CONVERSAS PRÁ BOI DORMIR II - O LOBISOMEM
Essa história eu ouvi quando criança, sentada na varanda da casa dç meu avô durante a quaresma. Bem, meu avô não acreditava nessas histórias, mas “dava corda” aos contadores para depois ficar nos assustando...
“ ...é a mais pura das verdadi, “seu Salomão”, eu juro, nóis inté tava querenô dí falar cum o sinhô, pra mordi dí arrumá umas bala e o revórvi pois num é dí vê que o Tunim si aprontificô di ir mais eu e o Dito na caça do mardito.”
Quando eu ouvi essa parte da conversa, fui chegando mais perto e mais perto, até colar no braço do meu avô e ser abraçada por ele num sinal de que eu podia ficar e participar da conversa dos adultos. Meu avô pediu novamente ao para Antenor contar o que havia acontecido e eu de olhos e orelhas bem abertas quase nem respirava.

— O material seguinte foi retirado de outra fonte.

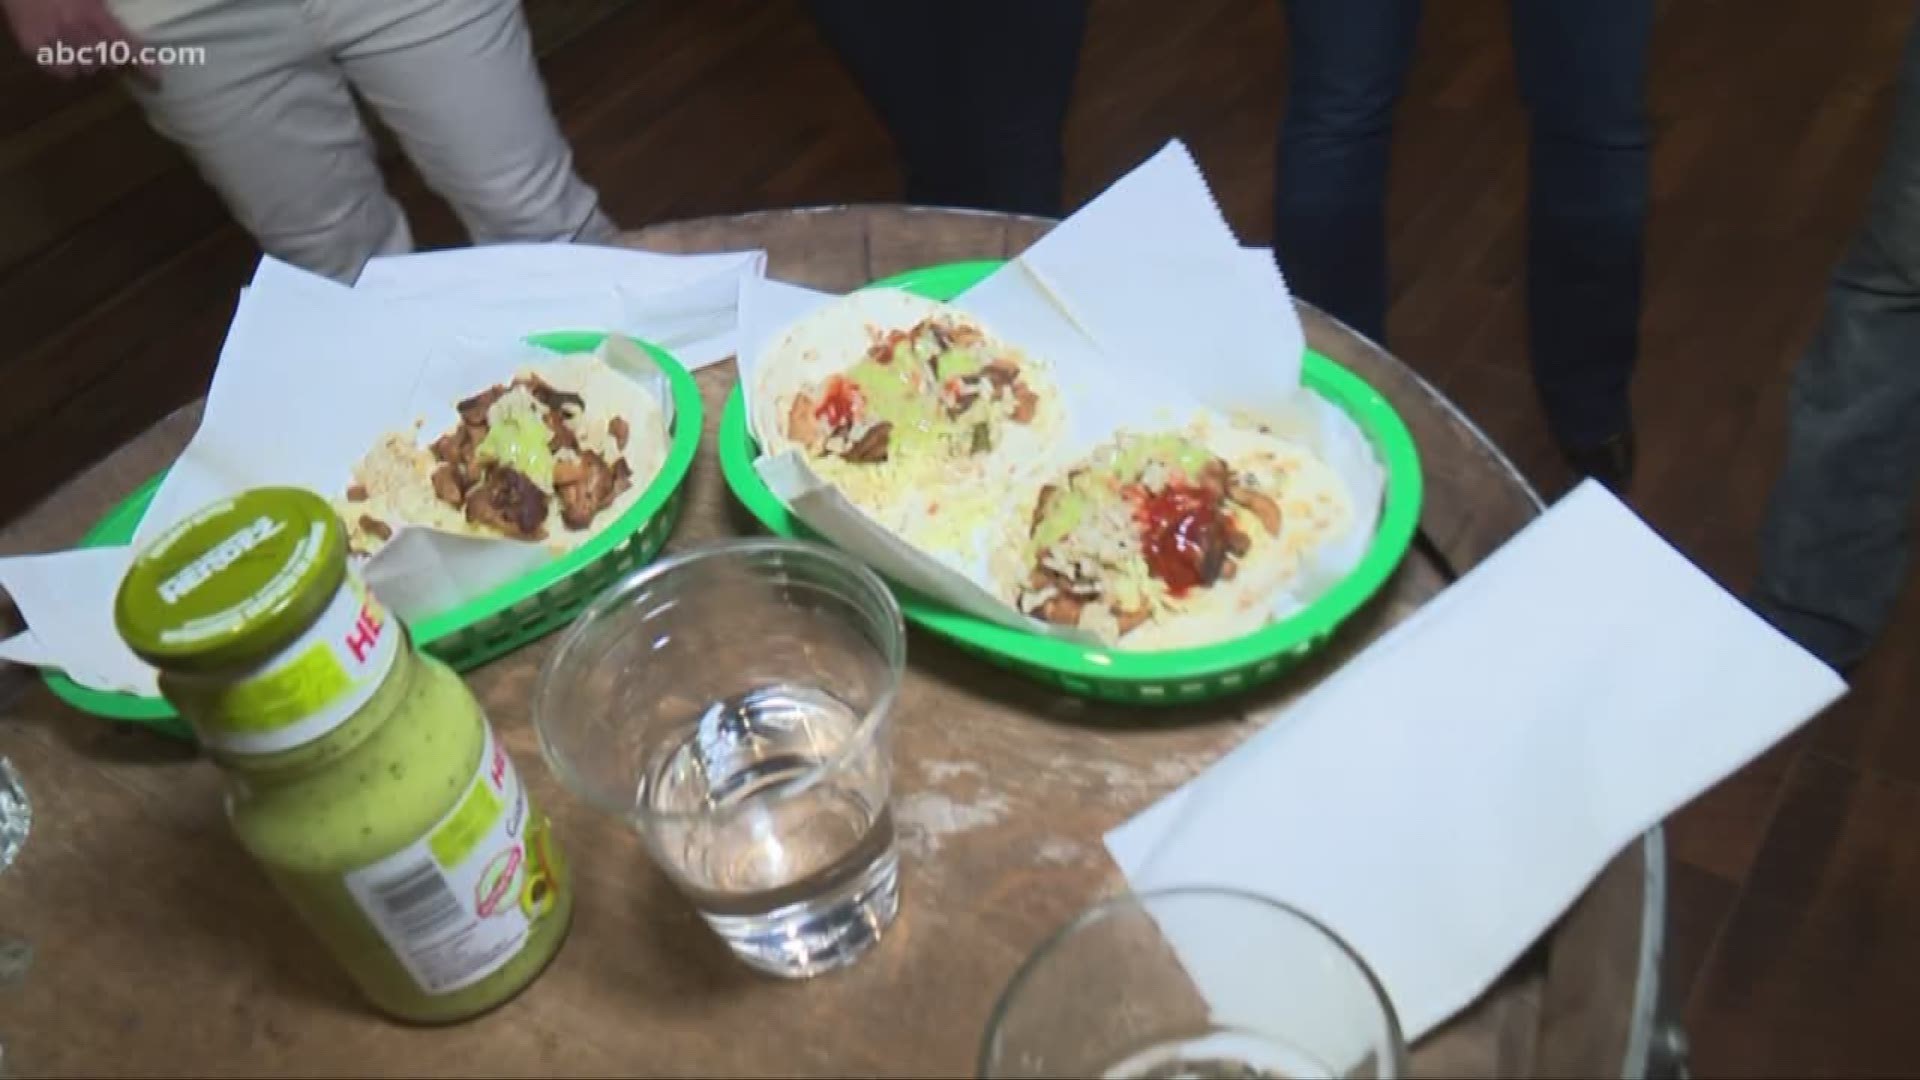 If you love Tacos and want to meet other Taco lovers, you might need to check out the "Taco Mafia' in Sacramento.

“...pois entoces, num é de vê que na sexta fera passada eu fui até lá na Vila de Queimados só pra mordi di tomá uns traguinho e joga um parmo di cunversa fora...mas quando cheguei lá num é qui tava tendo uma disputa di um sanfoneiro lá das banda de Beraba mais o Gérvasio qui é genti nossa e a coisa tava tão boa que eu logo garrei di dançá mais a Dorvalina e num é que perdi a zóras di vim bóra e mi lasquei tudo. To inté agora meio rupiado só di alembra daquela coisa que eu vi...”
Eu nem respirava, mas sentia a mão enorme do meu avô apertando meu ombro e lembrando-me de escutar com atenção. Eu abria mais os olhos tentando imaginar o que o Antenor tinha visto que o deixara tão apavorado.
“... seu Salomão, eu vim mais meus cumpanheiro até na entrada da fazenda, despois cada um seguiu seu caminho e eu piquei a ispóra no Maiado e vim descenô pelo carreadô, eu e mais us dois cachorro qui num larga di eu. Quando cheguemô cá imbaxo, perto daquele pé de marmeleiro, eu apressenti qui o cavalo tava refuganô os pásso e os cachorro também tava meio perreados.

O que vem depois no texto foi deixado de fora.